Much of Canada’s homegrown fruits and vegetables eventually move through one of the country’s wholesale markets. Yet in the True North, terminal markets are few and far between, which creates difficulties for produce businesses in remote areas.
The Ontario Food Terminal (OFT) in Toronto moves an astonishing amount of produce: more than 1 million tons each year.
The OFT serves as the major produce distribution center for the eastern part of Canada, as well as Michigan, Ohio, Pennsylvania, and New York in the United States. Spanning 40 acres, this terminal is the third largest wholesale produce distribution center in North America and the largest in Canada.
La Place des Producteurs, at the Marché Central in Montreal, QC and operated by the Quebec Produce Growers Association, was the next largest fruit and vegetable wholesale market in Eastern Canada.
Open year-round, the market supplied distributors, retailers, foodservice customers, restaurants, and markets throughout Quebec, Eastern Ontario, Nova Scotia, New Brunswick, and Prince Edward Island.

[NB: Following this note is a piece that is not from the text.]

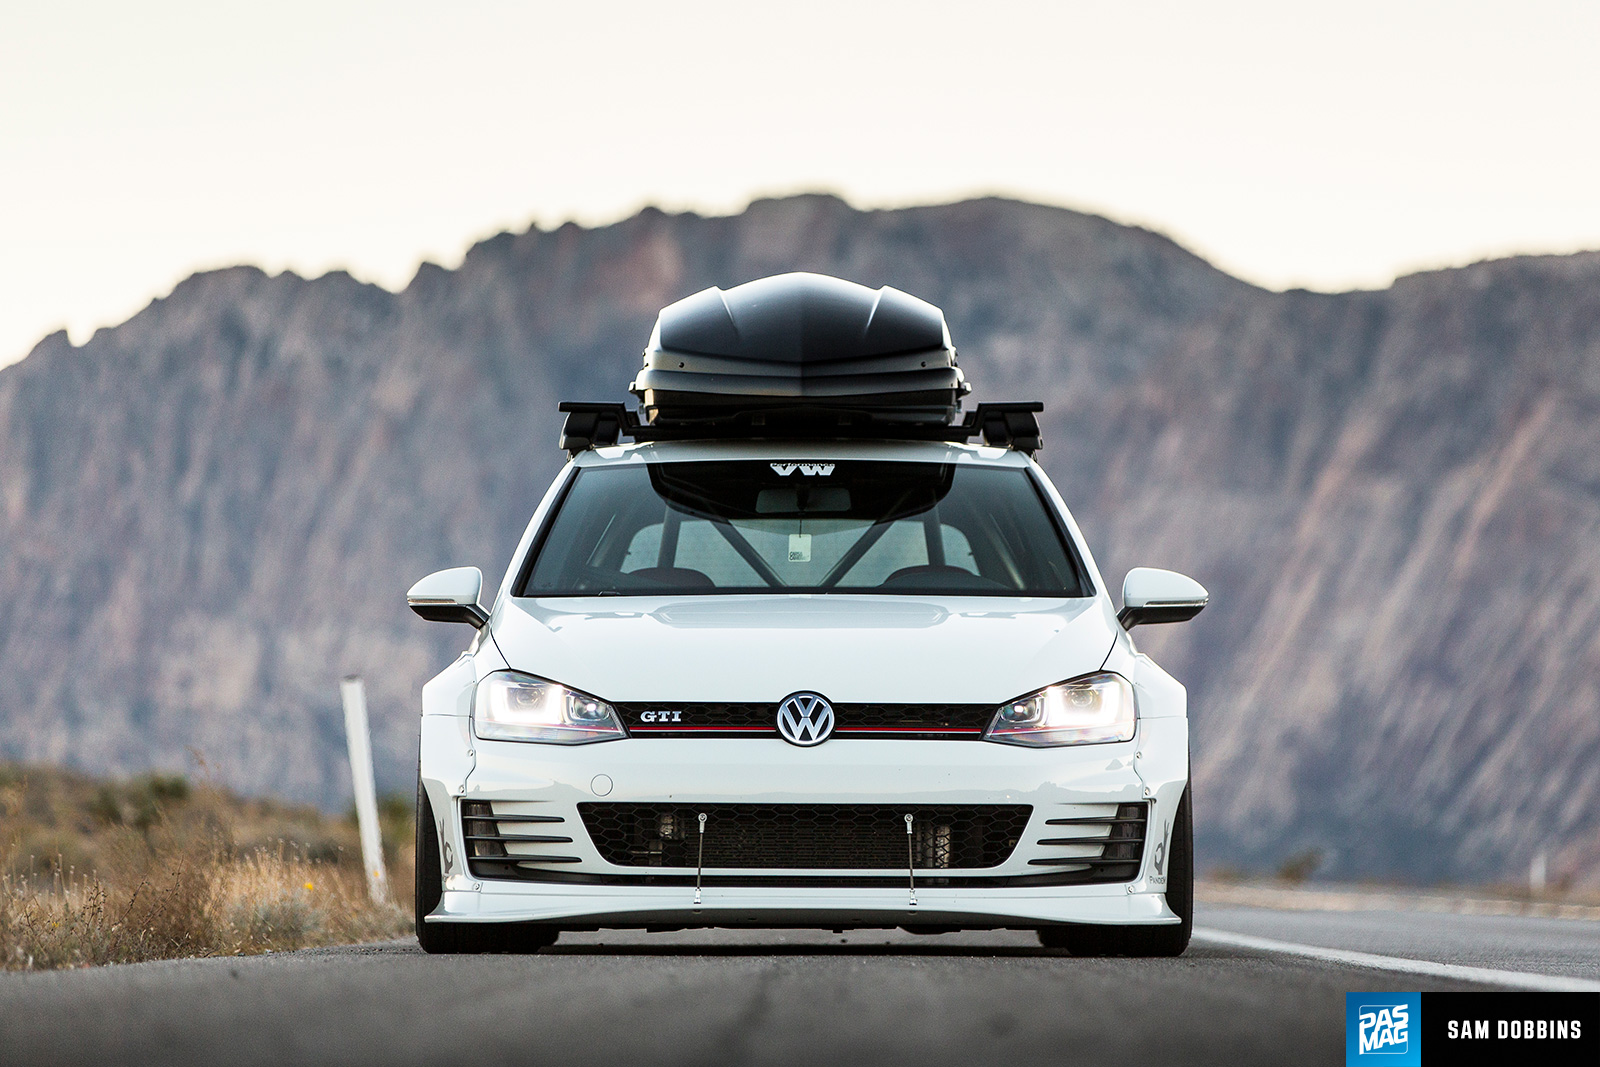 11 Sam Dobbins 2015 Volkswagen GTI PASMAG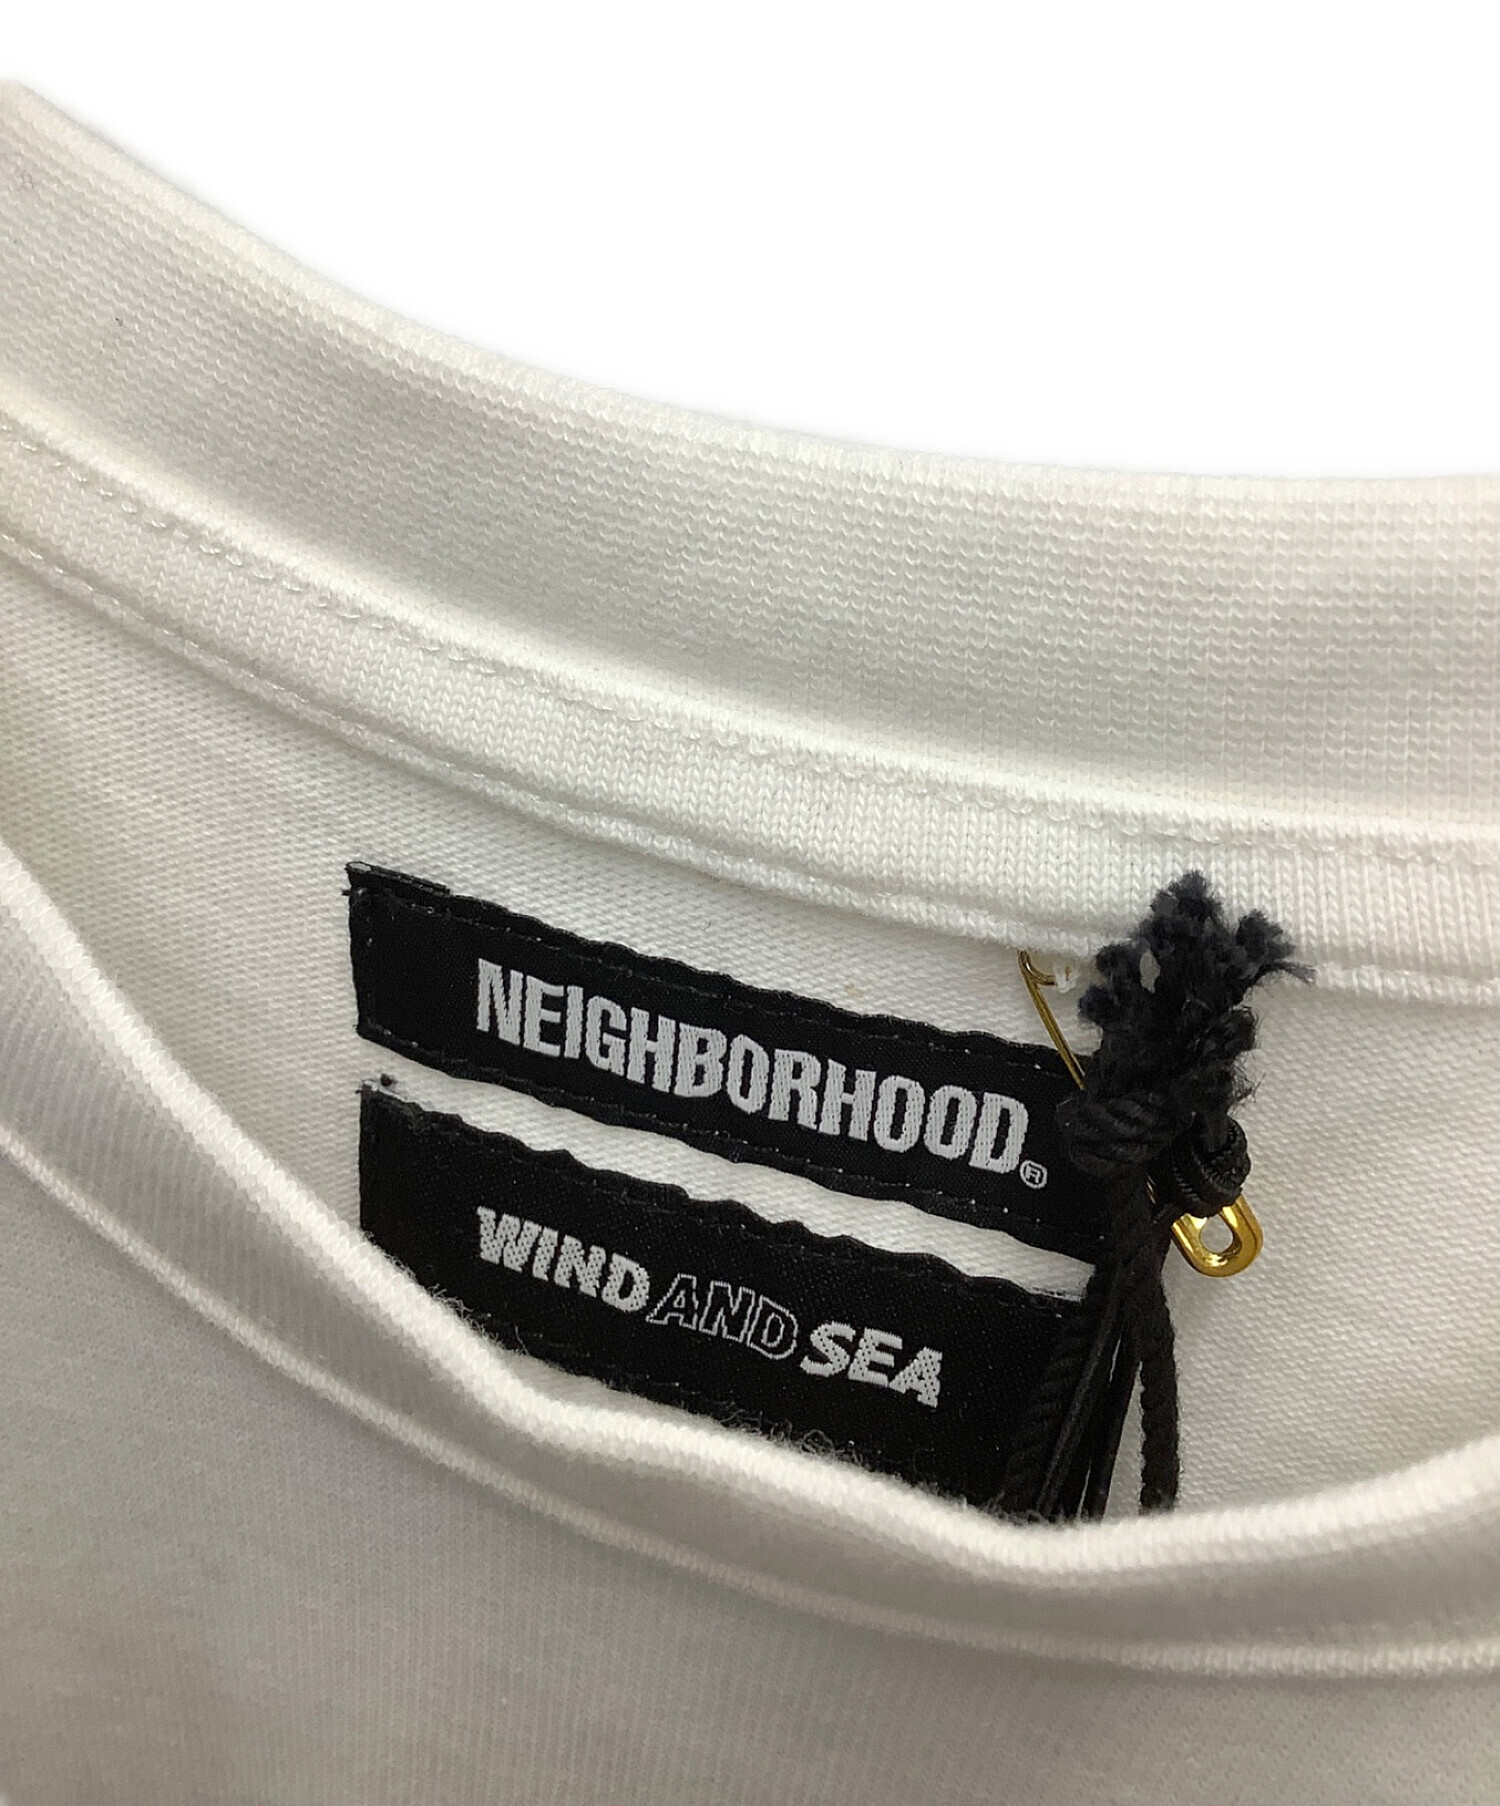 Mサイズ NEIGHBORHOOD WIND AND SEA Tシャツ ホワイト - メンズファッション

During peak season, more than 150 tenants worked out of La Place des Producteurs—though this changing, as the property will be repurposed and wholesalers are relocating to a new facility, bought in conjunction with Fruits et Legumes Gaeton Bono, before the end of this year.
“We really like working with the Montreal market,” said Fulton Hamill, president of Fulton Hamill, Ltd. in Albany, PE, who sells potatoes to repackers housed on La Place des Producteurs. “It allows us to get where want to be and do what we need to do.” Whether this will be affected by the upcoming move, however, remains to be seen.
The Produce Terminal is another market, located in British Columbia’s seaport city of Vancouver. Often referred to as the Old Malkin Avenue Market, it was originally founded in 1948.
“Vancouver’s Malkin Avenue is the closest we have to a terminal in our region,” said Roy Hinchey, CEO of Thomas Fresh Inc. in Calgary, AB. “Many refer to this area as ‘Produce Row’ with its fast-paced buying-and-selling food culture of suppliers.
“Alberta and Saskatchewan have districts in the city,” Hinchey said, “where business may be focused on the produce industry, but not quite on the level of Malkin Avenue.”
Vancouver’s Produce Row, like many throughout Canada and the United States, has continued to shrink in recent years as wholesalers move to newer, offsite facilities.
Brian Lewis, produce director for Federated Co-Operatives Limited in Calgary, says the lack of a market in Alberta is a definite disadvantage.
“Not having access to a terminal market puts additional pressure on our vendor partners to ship us the right quality and have exceptional fill rates,” he said. “On our produce buyer side, they’re always searching for the balance of fill rates and turns to keep the produce as fresh as possible.”